Next, we are creating the function to predict the next word based on the input words (or seed text). We will first tokenize the seed text, pad the sequences and pass into the trained model to get predicted word. The multiple predicted words can be appended together to get predicted sequence.

In [544]:
def generate_text(seed_text, next_words, model, max_sequence_len):
    for _ in range(next_words):
        token_list = tokenizer.texts_to_sequences([seed_text])[0]
        token_list = pad_sequences([token_list], maxlen=max_sequence_len-1, padding='pre')
        predicted = model.predict_classes(token_list, verbose=0)
        
        output_word = ""
        for word,index in tokenizer.word_index.items():
            if index == predicted:
                output_word = word
                break
        seed_text += " "+output_word
    return seed_text.title()

## 6. Results

In our results, we are comparing running this model through 1 epoch and 100 epoch. we have asked the model to predict the 5 words following a specific word we have identified (in this case: Trump). 

#### Results for 1 Epoch

In [545]:
print (generate_text("Trump", 5, model, max_sequence_len))

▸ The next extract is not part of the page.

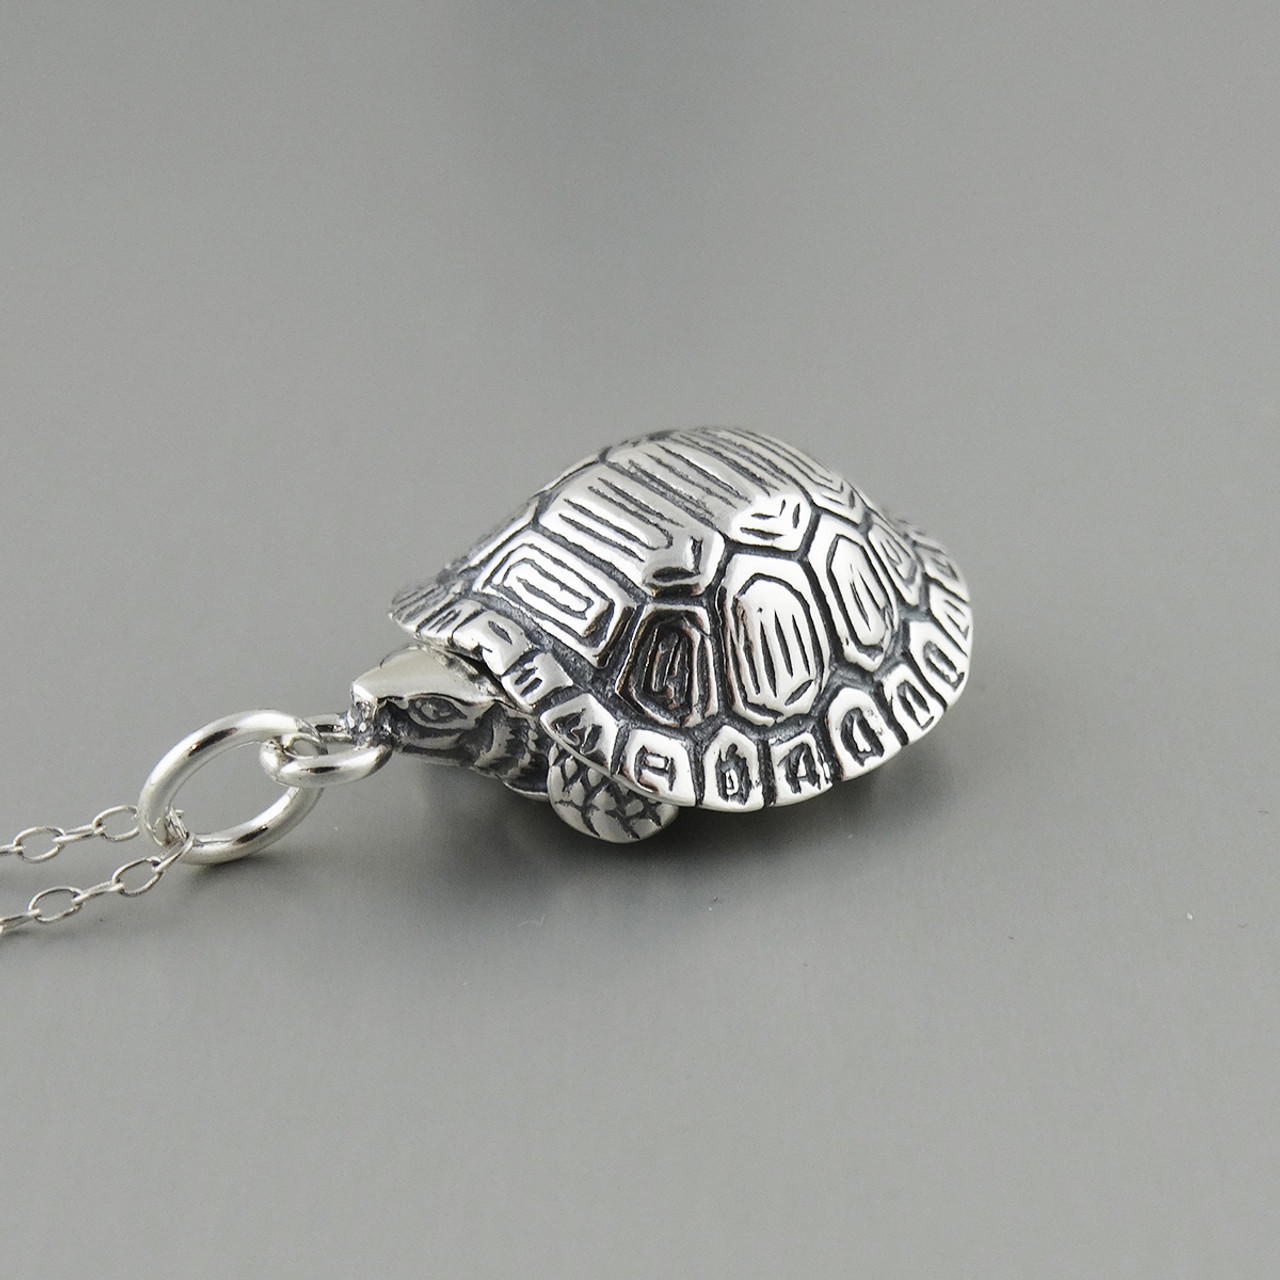 3D Turtle Poison Locket Necklace - 925 Sterling Silver - FashionJunkie4Life

Trump Gopdeb Gopdeb Gopdeb Gopdeb Gopdeb


#### Results for 100 Epochs

In [12]:
print (generate_text("Trump", 5, model, max_sequence_len))

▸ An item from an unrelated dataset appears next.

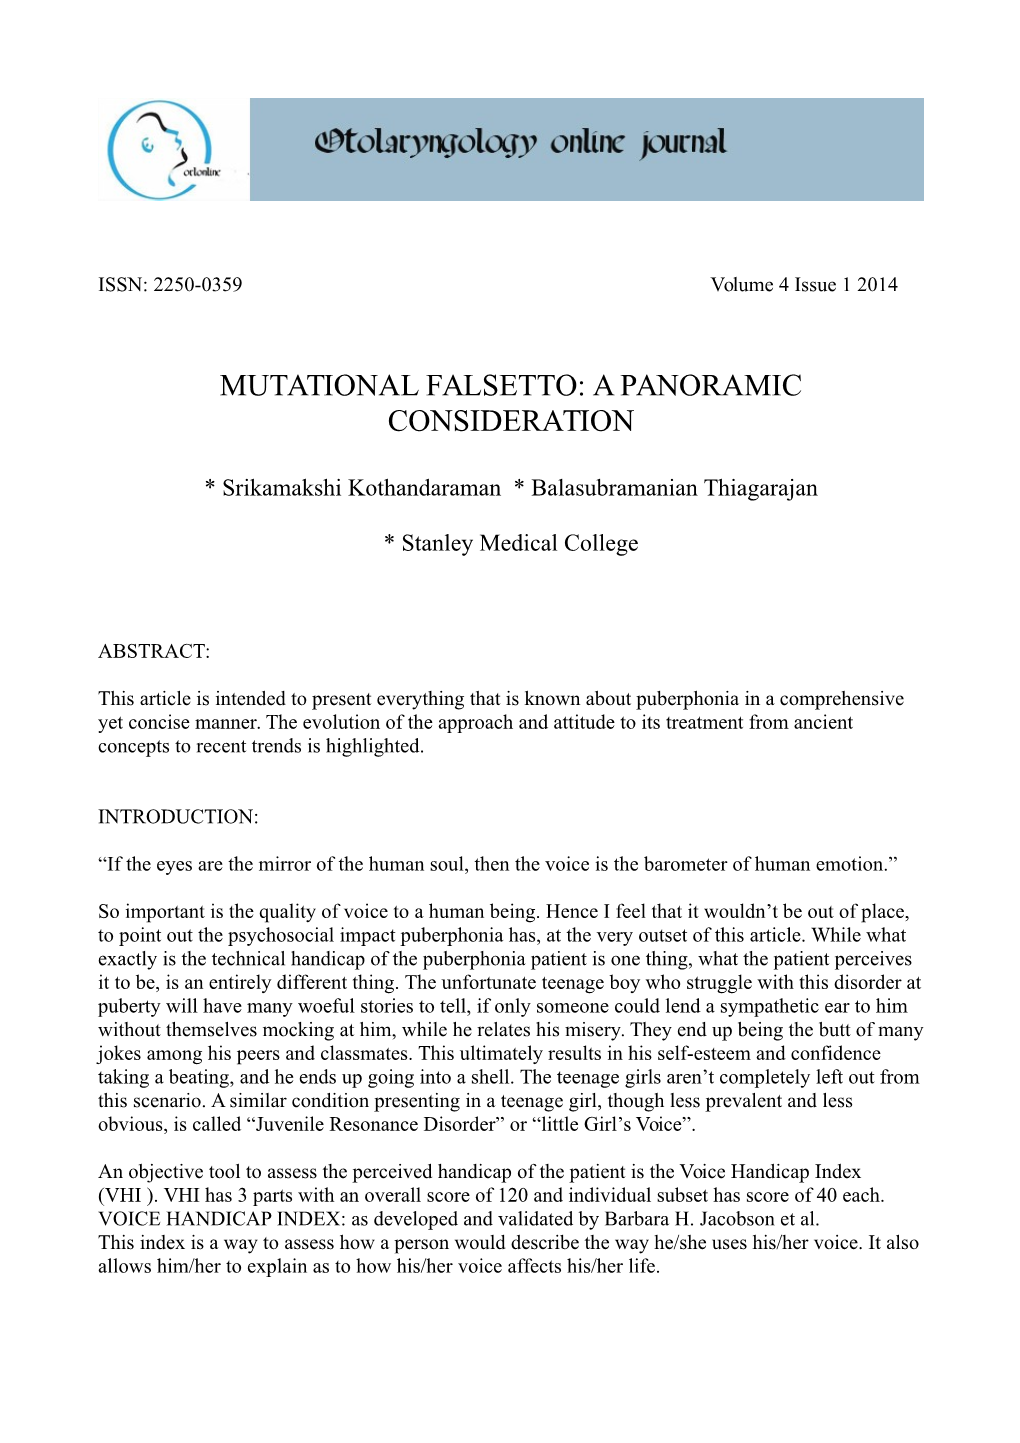 Mutational Falsetto: a Panoramic Consideration

Trump Gopdebate Gopdebate Gopdebate Gopdebate Gopdebate


Surprisingly, we generate results that are all the same (5 predicted words). In addition, increasing the number of training epochs doesn't help our model. The model is not capable of generating a languague model, even with 100 epochs (that ran for over 12 hours). In addition, the resulting word is Gopdebate or Gopdeb, thus, we can infer that the words weren't filtered out completely and that having them present in the dataset, skews the results. 

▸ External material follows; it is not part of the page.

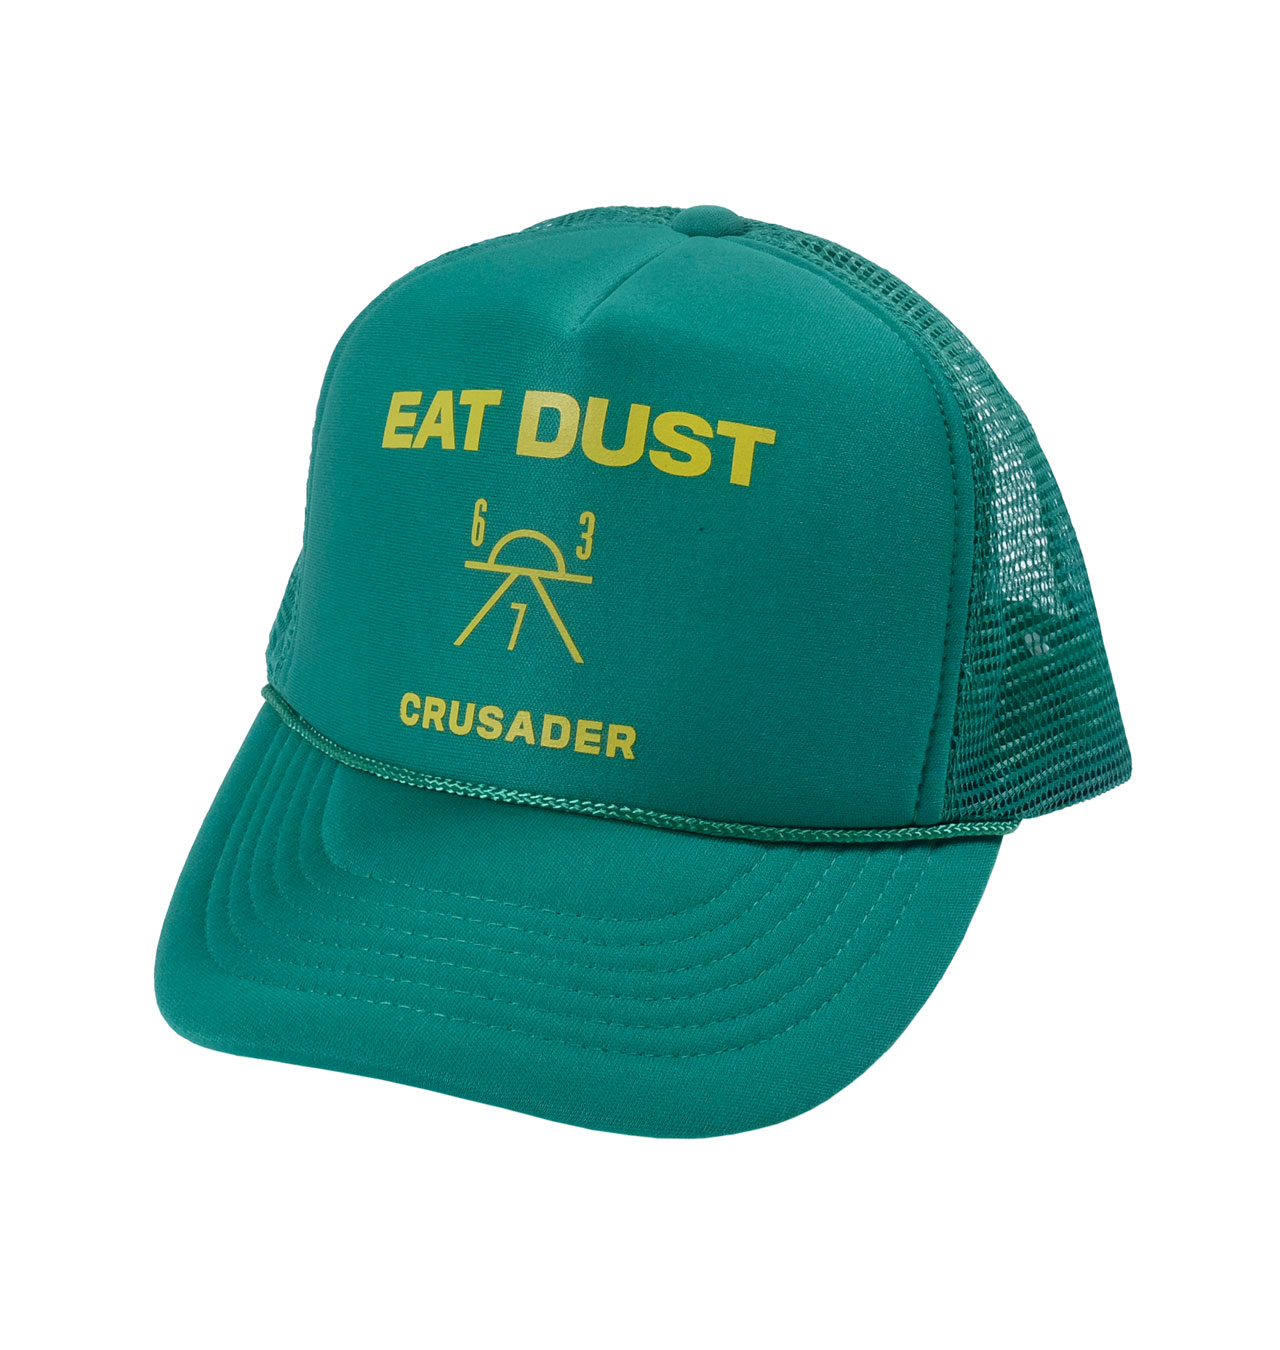 Eat Dust - Crusader Trucker Cap - Green

In our second part of this notebook, we will rework the steps to have an effective and useful cleaning process to the data, hoping this will correct the problem above. 

# Second Attempt at Text Generation

## 1. Load the Dataset

To avoid overwriting the above results, we will load the same dataset once again, and create a new dataframe to work from. 

In [606]:
def loadDataset(in_file):
    my_path = os.getcwd()
    path = os.path.join(my_path, in_file)
    column_names = ['candidate','sentiment', 'subject', 'retweets', 'text', 'location', 'timezone']
    tweets = pd.read_csv(path, delimiter=',', quotechar='"', header= None, names= column_names, encoding="ISO-8859-1")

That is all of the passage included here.